Помню один бурный вечер на этой кухне… Моя невестка Кристин жаловалась на учителей своих детей: мол, все они некомпетентные и ограниченные. Потом разговор перешел на образование вообще и их с Адрианом в частности. Обстановка мгновенно накалилась. Кухня превратилась в судилище, Адриан и его сестра – в обвинителей, а на скамье подсудимых – их отец. Как тяжело все это было… нет, бомба так и не взорвалась, язвили в меру – так, воткнули друг в друга пару-тройку отравленных шпилек.
Как всегда.
Впрочем, скандала все равно не получилось бы – мой свекор наотрез отказывался выходить на ринг. Он выслушивал колкости своих детей, но никогда на них не отвечал. «Все ваши обвинения отскакивают от меня, как мячик от асфальта!» – так он всегда говорил с улыбкой и удалялся.

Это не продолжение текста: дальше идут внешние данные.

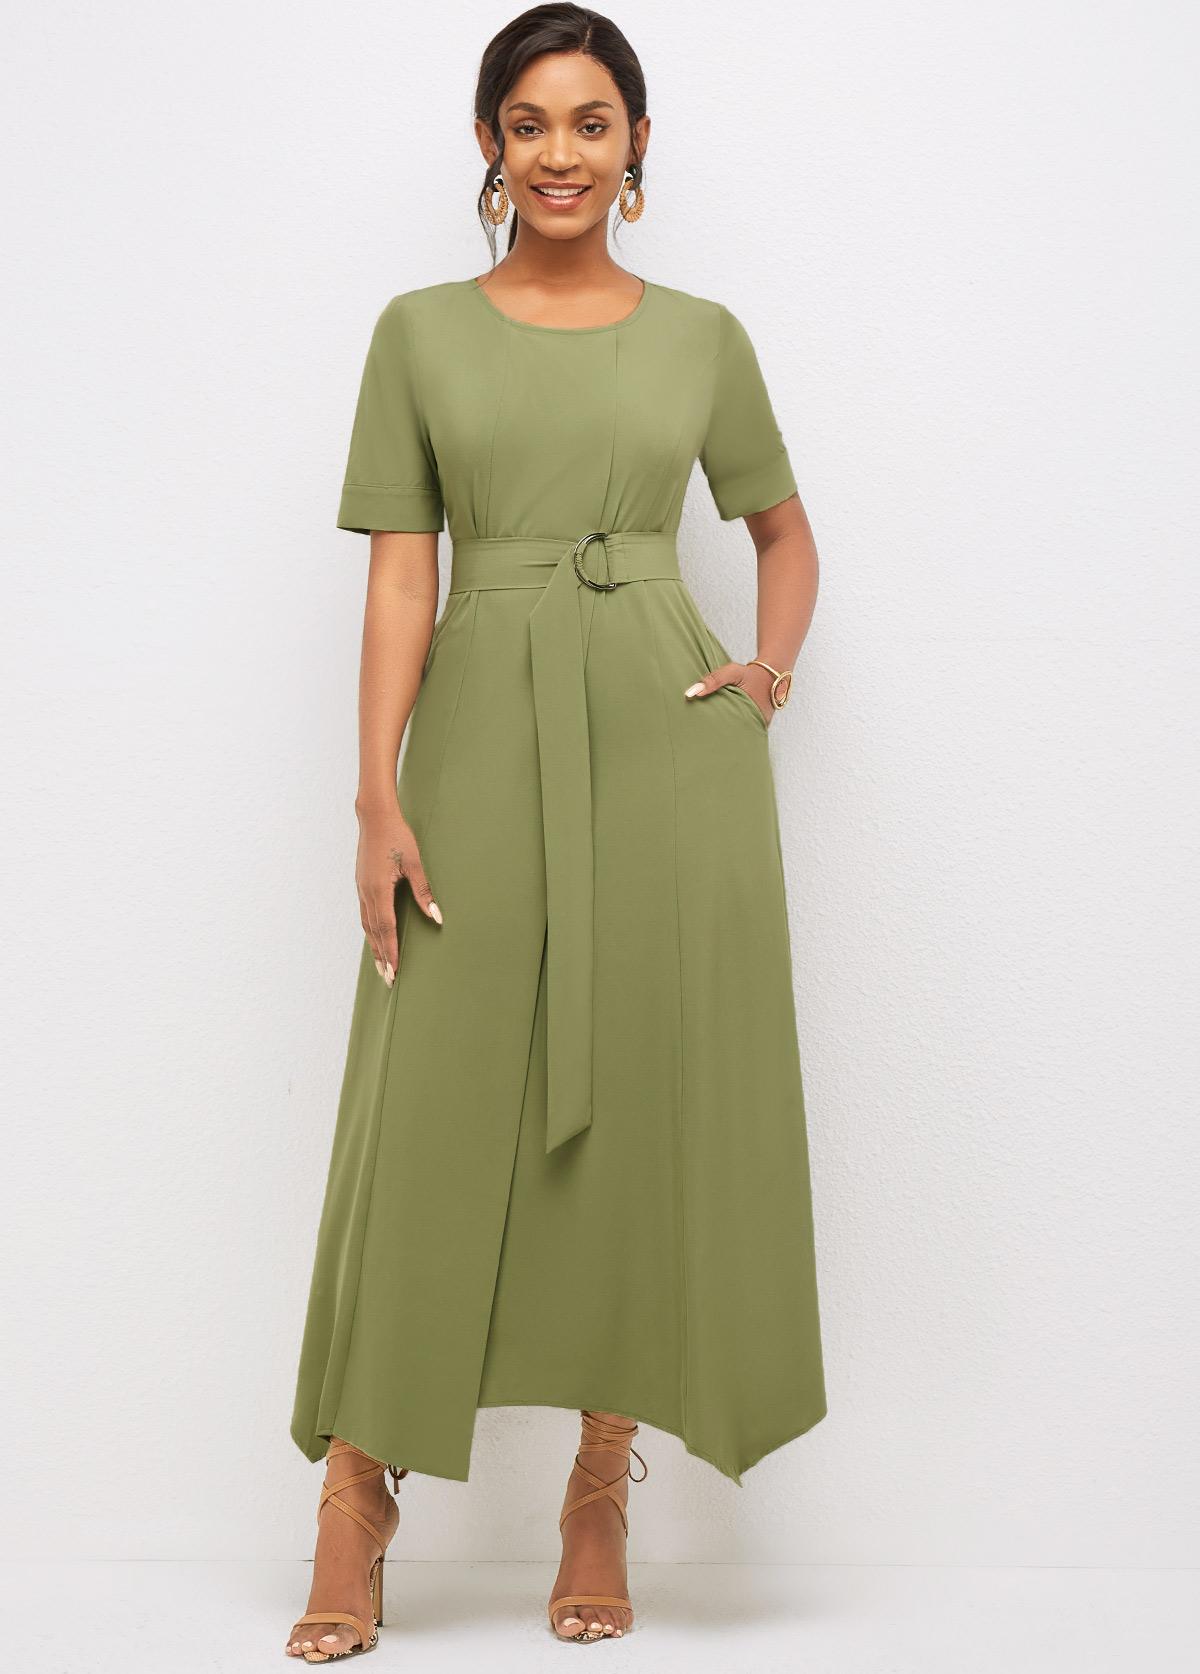 ROTITA Asymmetric Hem Round Neck Solid Dress
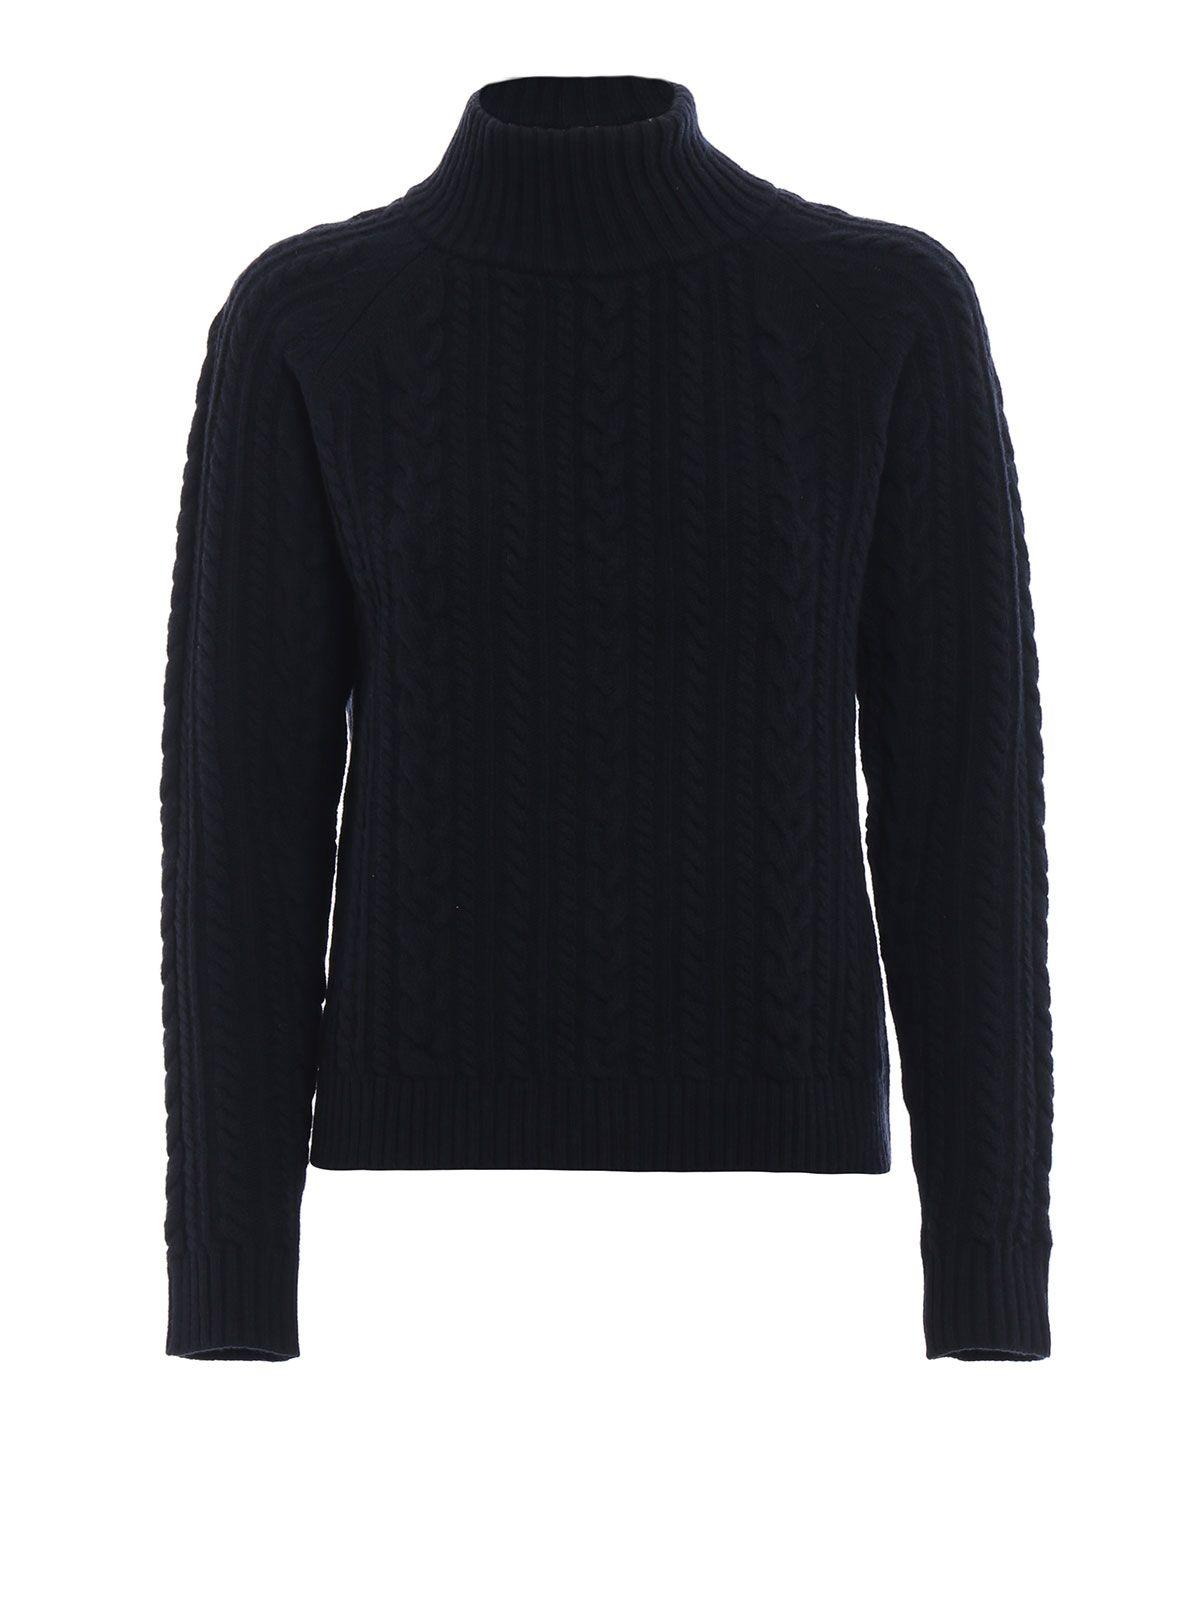 max mara - Brando Dark Blue Braided Wool Turtleneck

Правда, в тот раз спор вышел более желчным.
У меня в памяти стоит его искаженное лицо и руки, с такой силой сжимающие графин с водой, словно он хотел его раздавить.
Я пыталась представить себе, что бы он мог сказать в ответ, пыталась понять. Что он чувствует на самом деле? О чем он думает, оставаясь один? Что у него на душе?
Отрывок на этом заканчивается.